The U.S. Patent and Trademark Office has extended patent agent privilege to Patent Trial and Appeal Board (PTAB) proceedings. The PTO has thus resolved an ambiguity resulting from the Federal Circuit’s decision in In re Queen’s University, 820 F.3d 1287 (Fed. Cir. 2016). In that case, as we discussed in this webinar, the Federal Circuit recognized patent agent privilege for communications during ex parte patent prosecution during federal court litigation, but was silent on whether patent agent communications were privileged during post-issue PTAB proceedings.
Because the Queens University Court was silent on whether patent agent privilege applied in PTAB proceedings, the PTO proposed an amendment to its rules to protect patent agent communications in proceedings such as inter partes reviews, post-grant reviews, covered business method reviews, and derivation proceedings. Patent agents now receive the same treatment as attorneys on issues affecting privilege or waiver during PTAB proceedings. The approved rule, 37 C.F.R. § 42.57, will take effect December 7, 2017.
The new rule also grants privilege to “a foreign jurisdiction patent practitioner,” which is defined as “a person who is authorized to provide legal advice in a foreign jurisdiction” even if that foreign jurisdiction does not provide privilege for patent agents. This would likely apply to European patent agents (who are typically privileged under privilege laws of their respective countries), Japanese benrishi (who are privileged in foreign proceedings under Japanese law), and Canadian patent agents (who do not have privilege under Canadian law). Furthermore, this would appear to apply to foreign in-house counsel, who do not typically have privilege, as we discussed in our webinar on patent agent and foreign privilege.
Lessons for Practice
This rule clarifies domestic patent agent privilege, and many patent practitioners expected privilege to extend to PTAB proceedings. But what is interesting is that the PTO has extended patent agent privilege to foreign patent practitioners, who likely do not have similar privilege during litigation. Foreign jurisdictions typically do not have broad privilege protections for attorneys or agents, and US courts typically do not recognize privilege extending beyond the protections of the foreign attorney’s home country.
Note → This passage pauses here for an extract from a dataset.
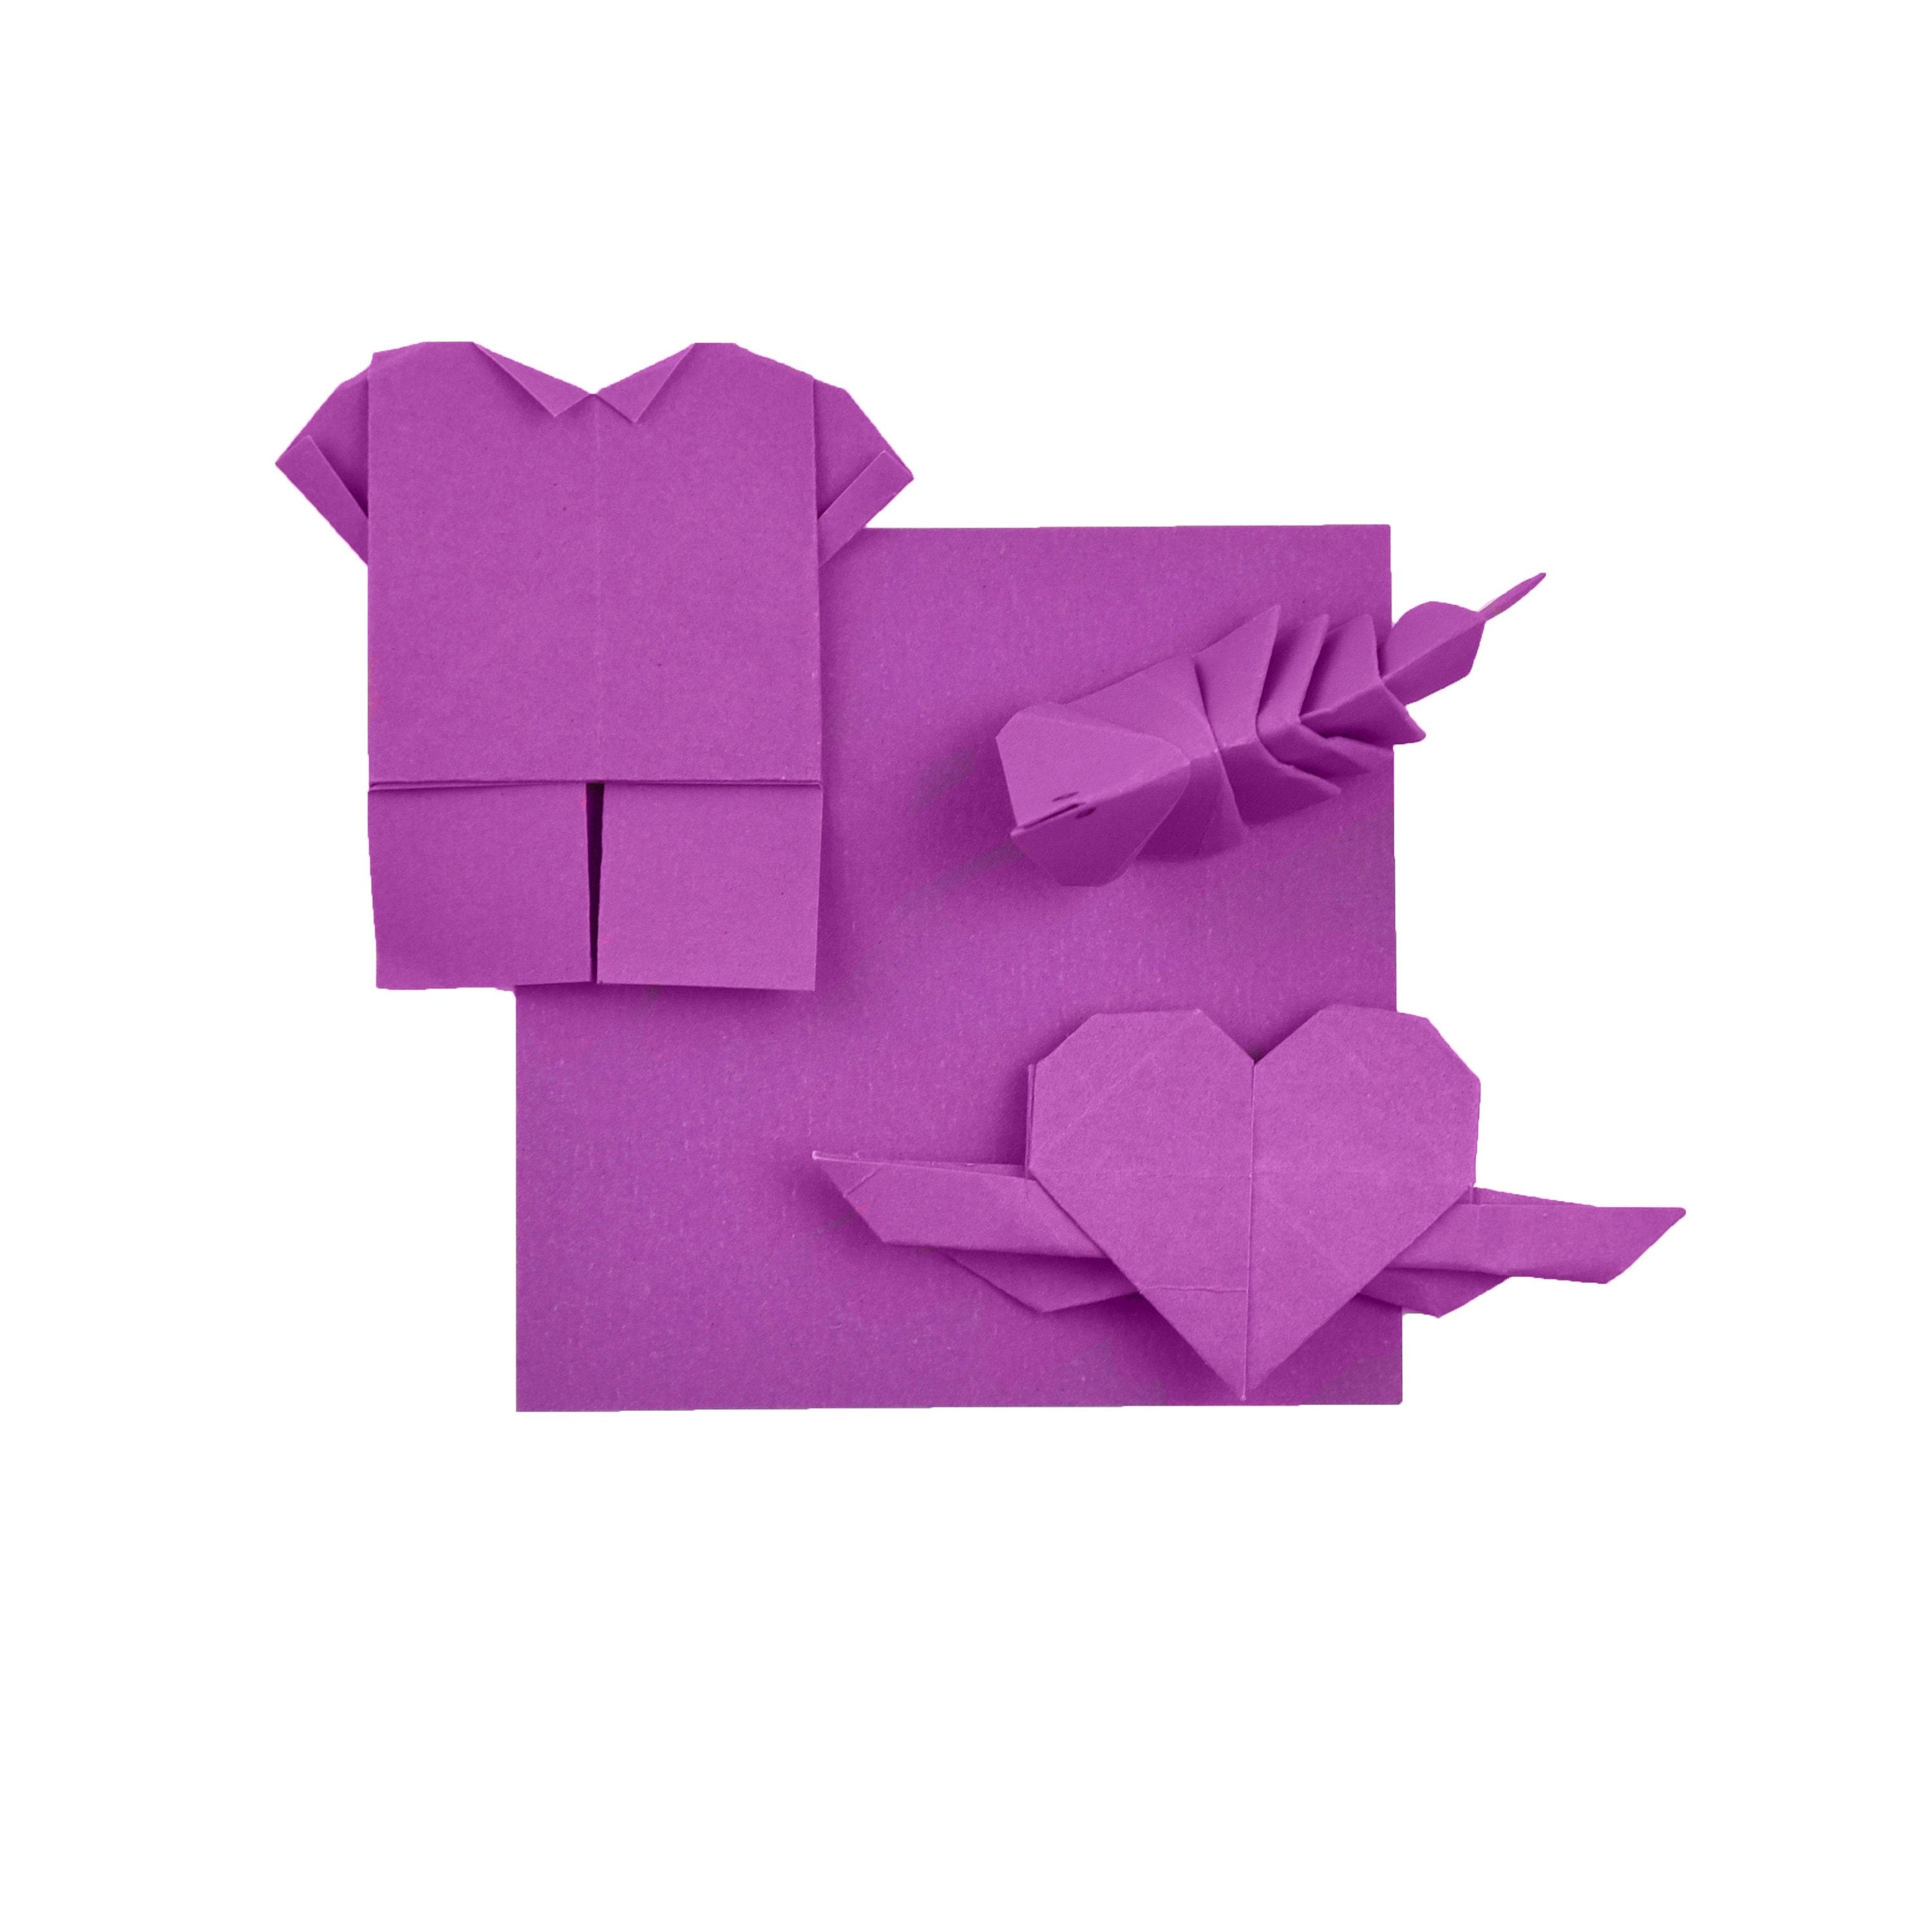 100 Hojas de Papel Origami - 3x3 pulgadas - Paquete de Papel Cuadrado para Plegar, Grullas de Origami y Decoración - S08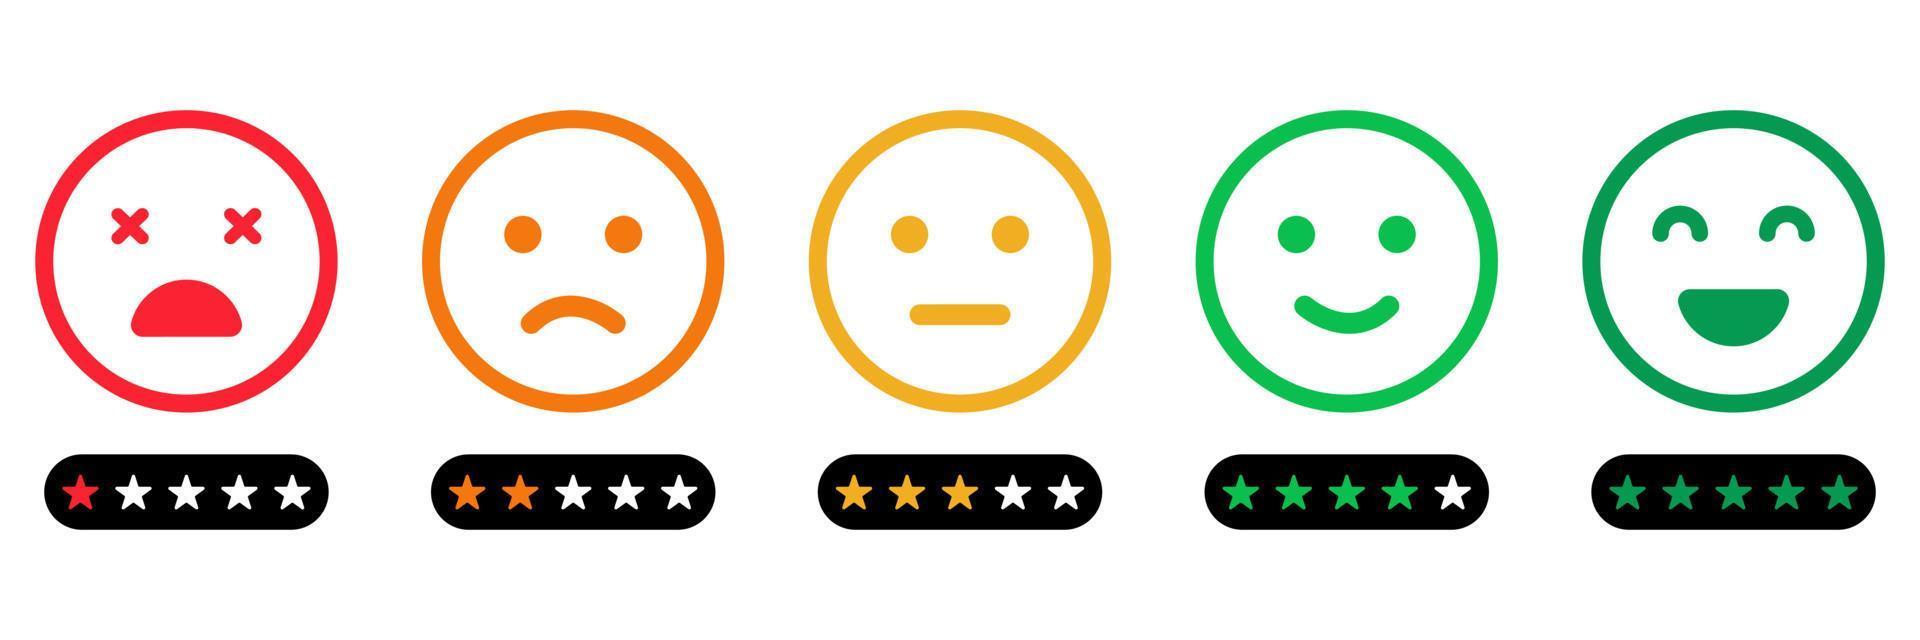 scala di feedback emoji con icona della linea di stelle. l'umore dei clienti dal buon viso felice al concetto arrabbiato e triste. feedback di emoticon. indagine di livello di soddisfazione del cliente. illustrazione vettoriale isolata.

According to the comments in the Federal Register, this broad protection for foreign counsel was adopted to avoid the “touch base” standard for most US courts and to be “simpler to adjudicate and [to] lead to more predictable and consistent results….” It is unclear whether a US court would recognize this extension of privilege during litigation, so be cautious when working with foreign patent counsel in matters that could lead to litigation.